[[ MATERIAL FOR THIS EXERCISE, beginning ]]
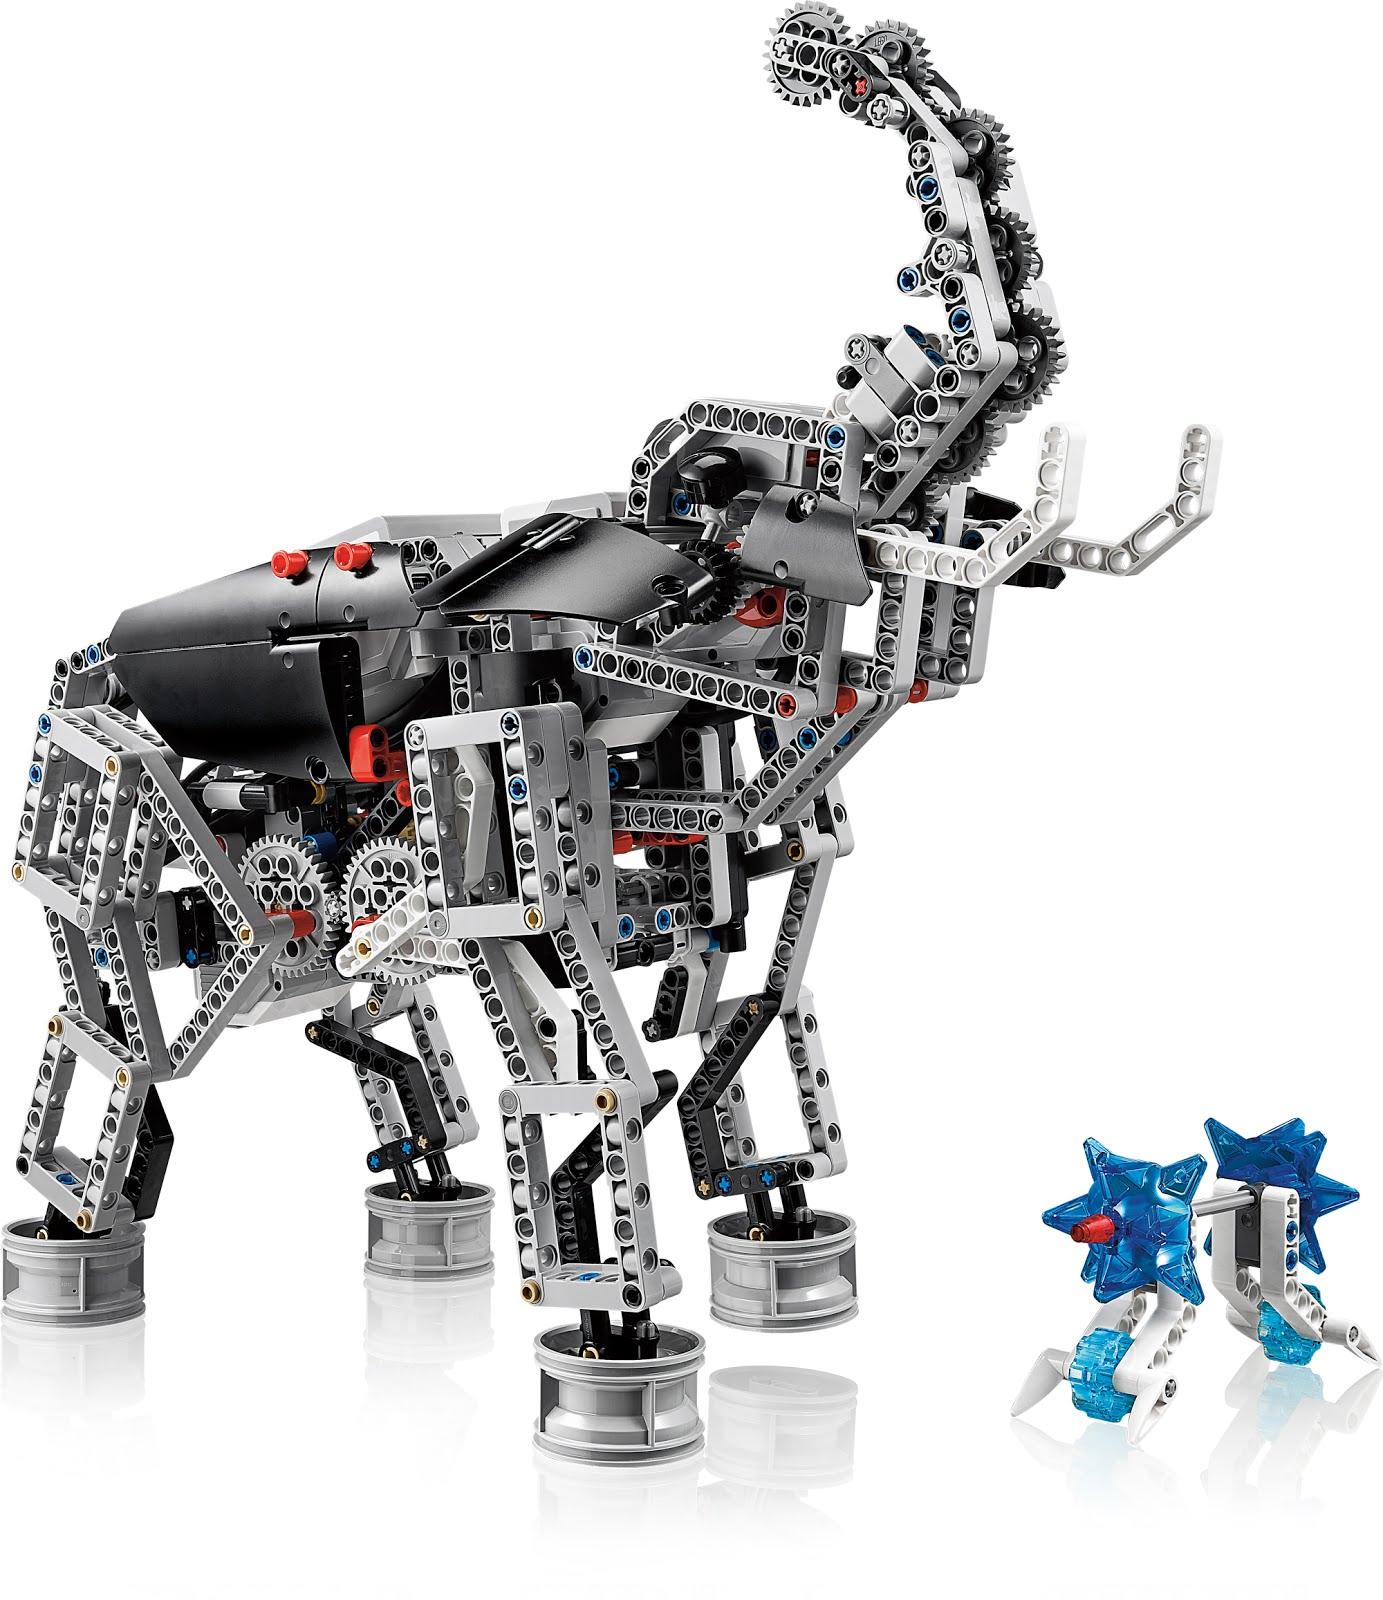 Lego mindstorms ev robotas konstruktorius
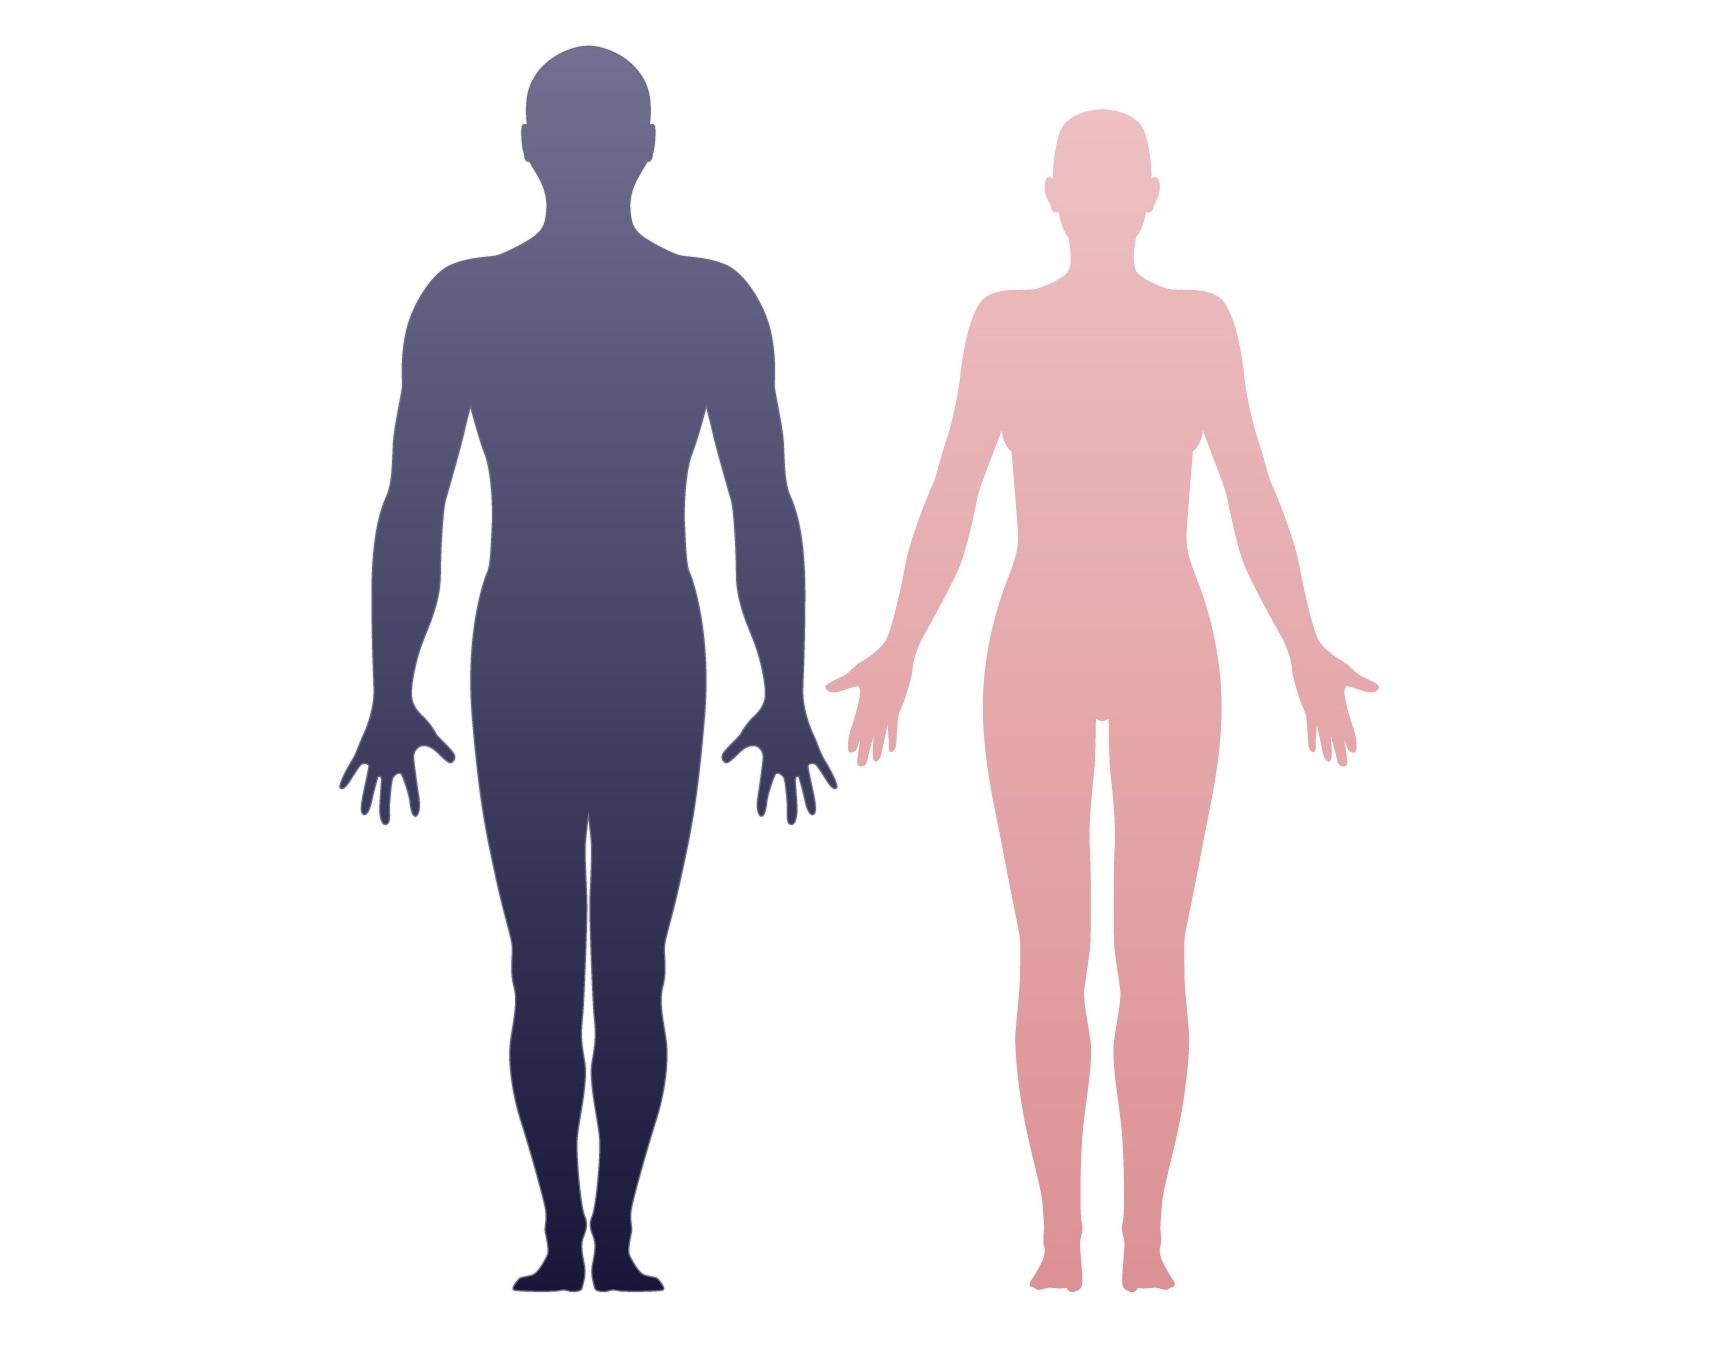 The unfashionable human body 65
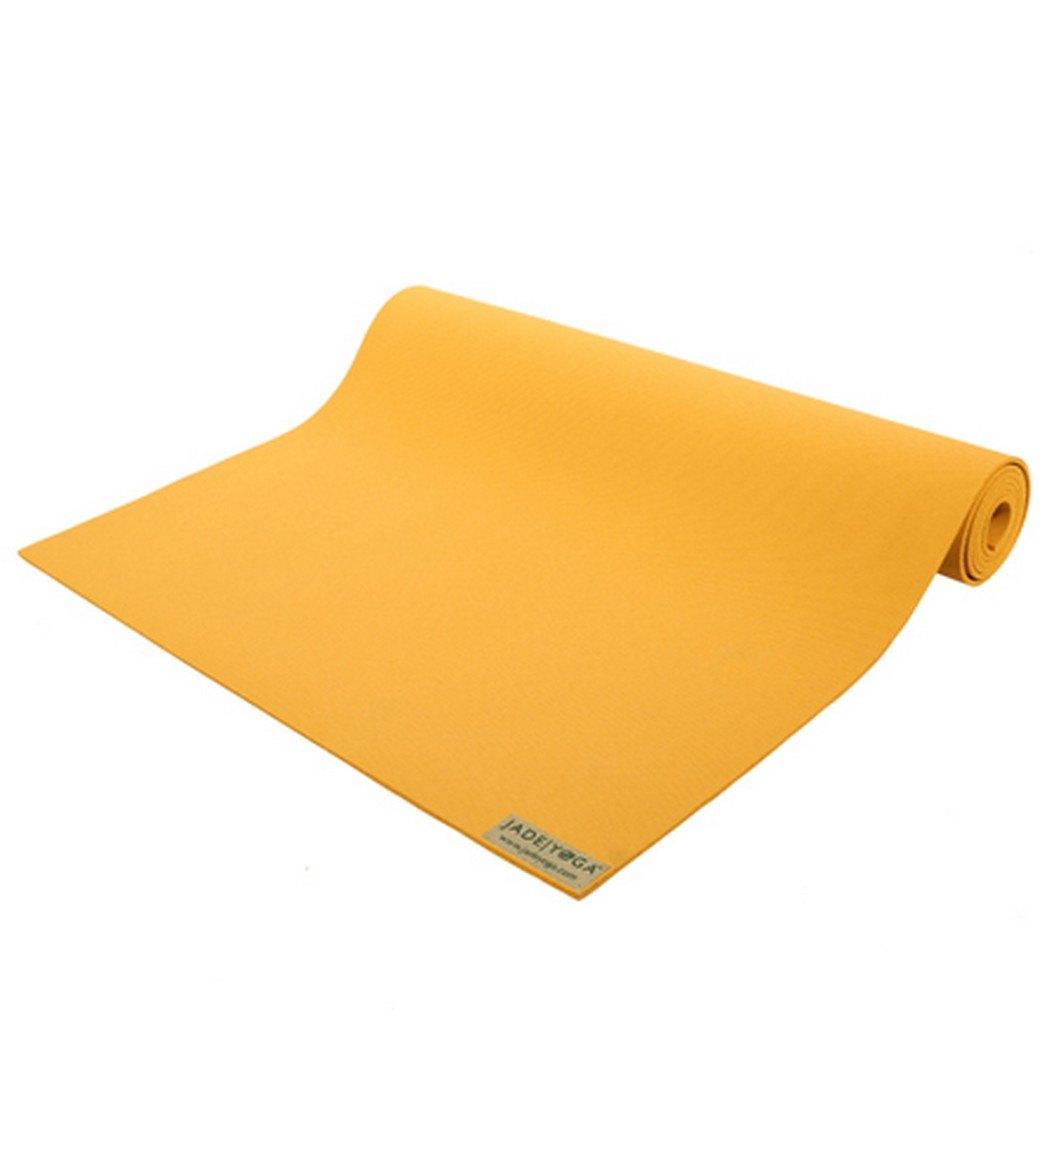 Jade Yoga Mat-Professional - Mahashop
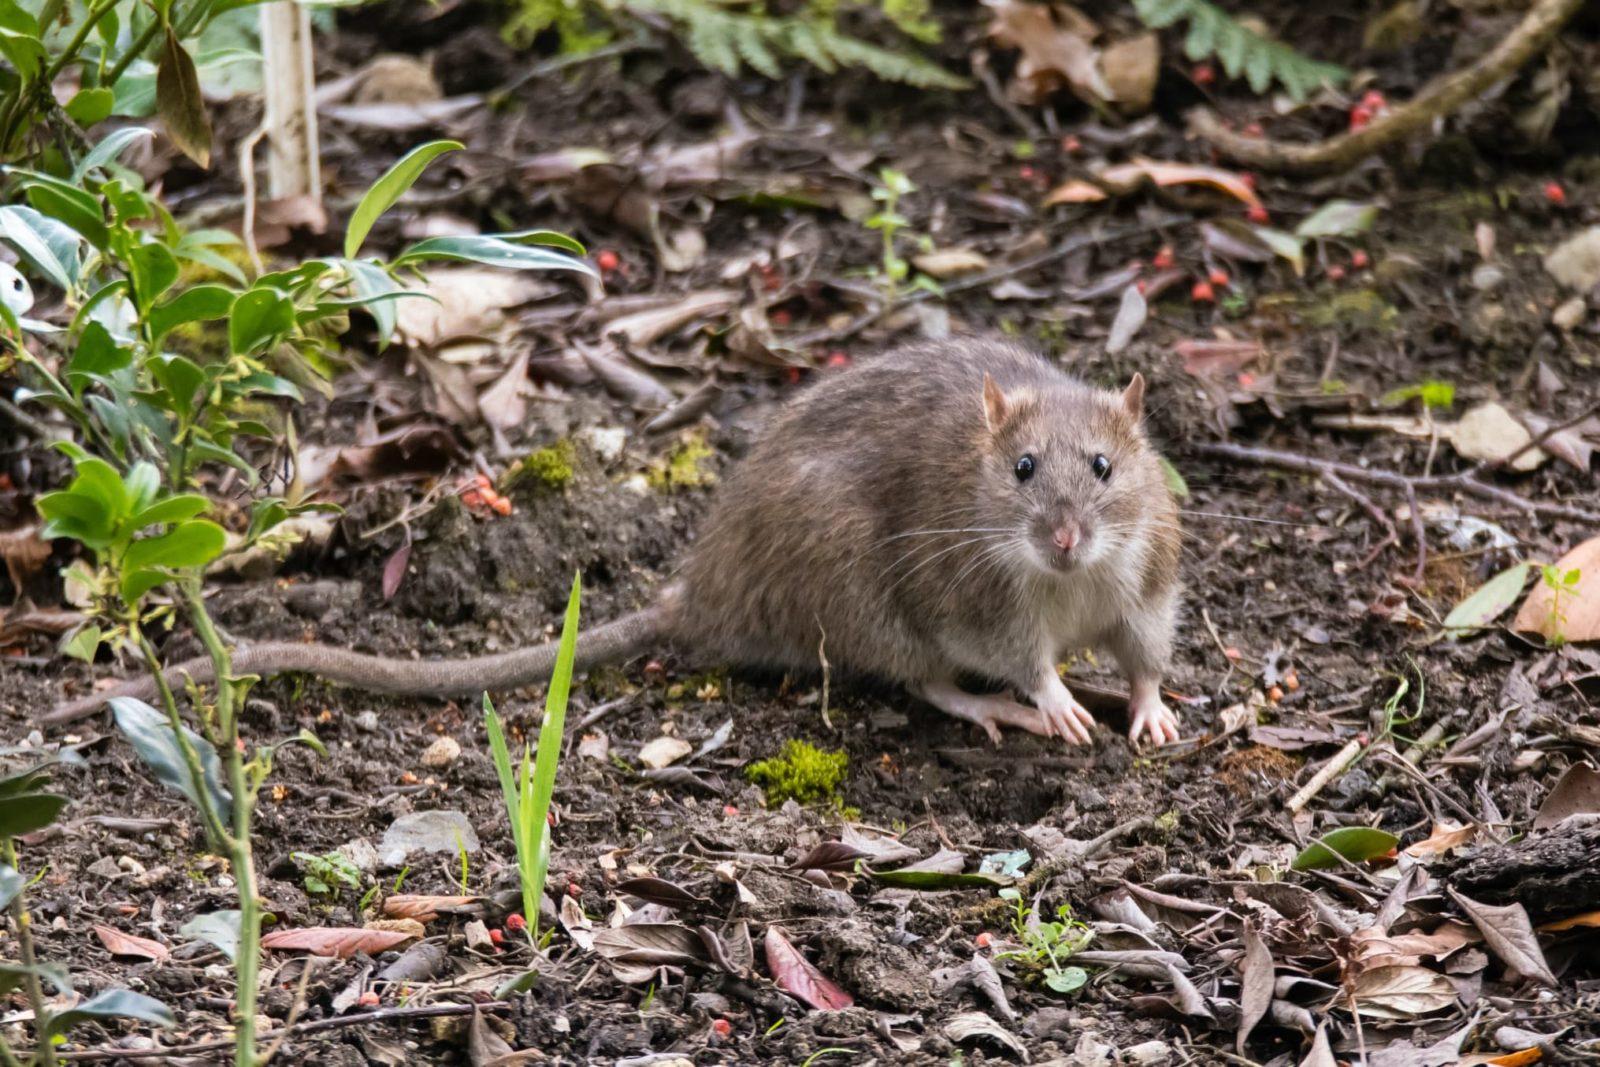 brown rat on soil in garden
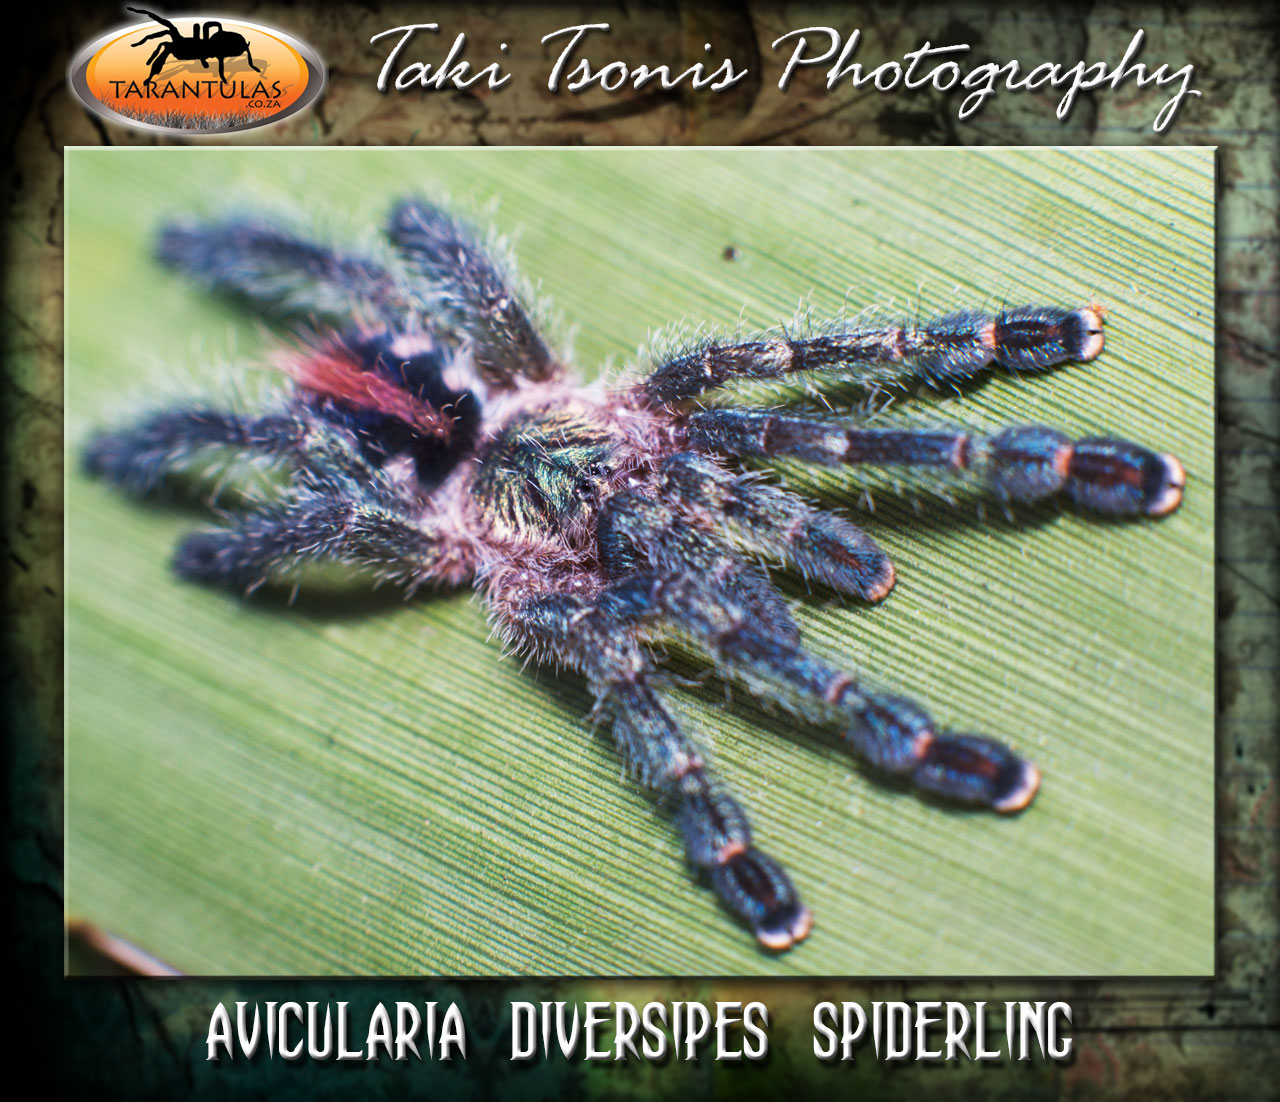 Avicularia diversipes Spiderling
[[ MATERIAL FOR THIS EXERCISE, end ]]
EXERCISE BRIEF: Word for word, retype the lines from the one with "brown rat on soil in garden" through the final line of the data, both included. No pictures belong in the copy.

SOLUTION BELOW:
 brown rat on soil in garden
 Avicularia diversipes Spiderling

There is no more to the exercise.